Monday, May 31, 2010

Memorial Day

This card includes part of a poem entitled The Blue and the Gray, by Francis Miles Finch:
From the silence of sorrowful hours
    The desolate mourners go,
Lovingly laden with flowers
    Alike for the friend and the foe:
Under the sod and the dew,
    Waiting the judgment-day;
Under the roses, the Blue,
    Under the lilies, the Gray.
The card was printed before World War I, before World War II, before the Korean War, the Vietnam War, Desert Storm,  etc.  At that time, Memorial Day was really only to commemorate the deaths from the Civil War.
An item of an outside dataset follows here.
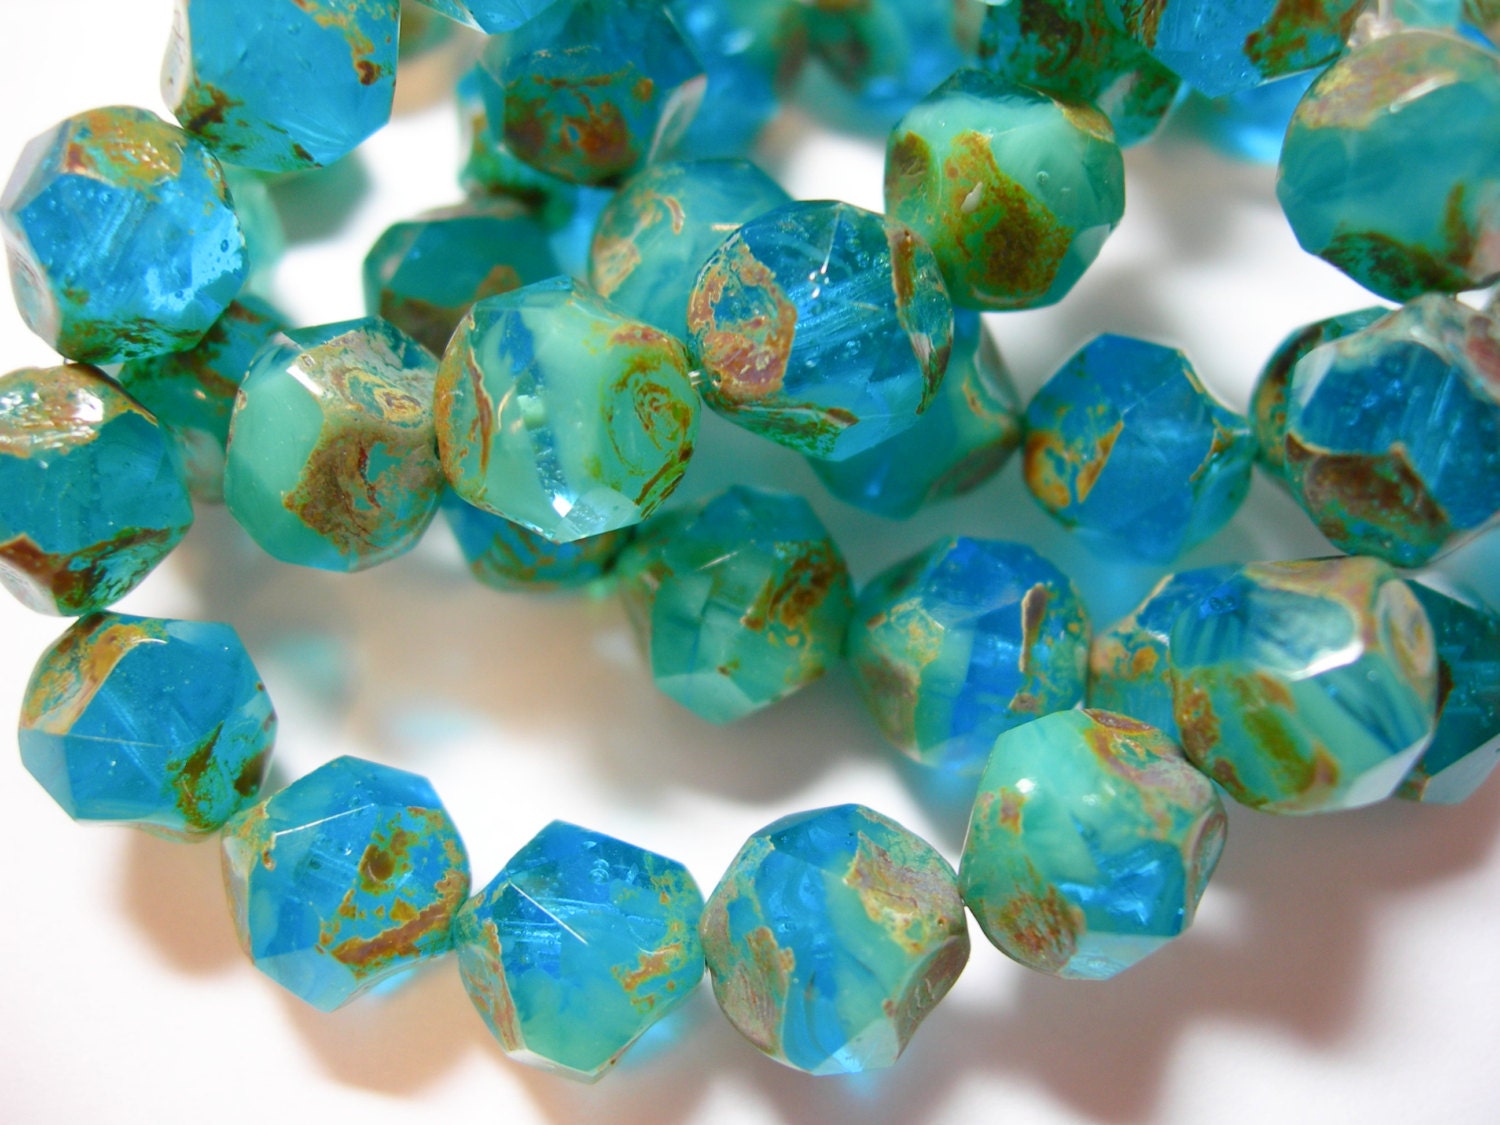 15 9mm Aqua Blend Picasso Faceted Firepolished Thru Cuts Czech Glass Beads

The poet, Francis Miles Finch (1827-1907) was a judge of the New York Court of Appeals and also taught at Cornell University. His poem, commemorating soldiers on both sides of the Civil War, was first published in the Atlantic Monthly in 1867. It was said that Finch was inspired by the women of Columbus, Mississippi, who spread flowers on the graves of both Union and Confederate soldiers. The event is known as Confederate Decoration Day. Presumably the bearded man on the card is Ulysses S. Grant. You can read the full text of the poem here.

Here's another collectible card, but not a postcard, of union soldiers during the Civil War. It says Copyright 1887 by J. Means and Co., Boston.

1 comment:

  1. How interesting. Here in Europe we always tend to forget the American Civil War, but in so many ways it was the first war in which the killing and the slaughter were almost machine-like.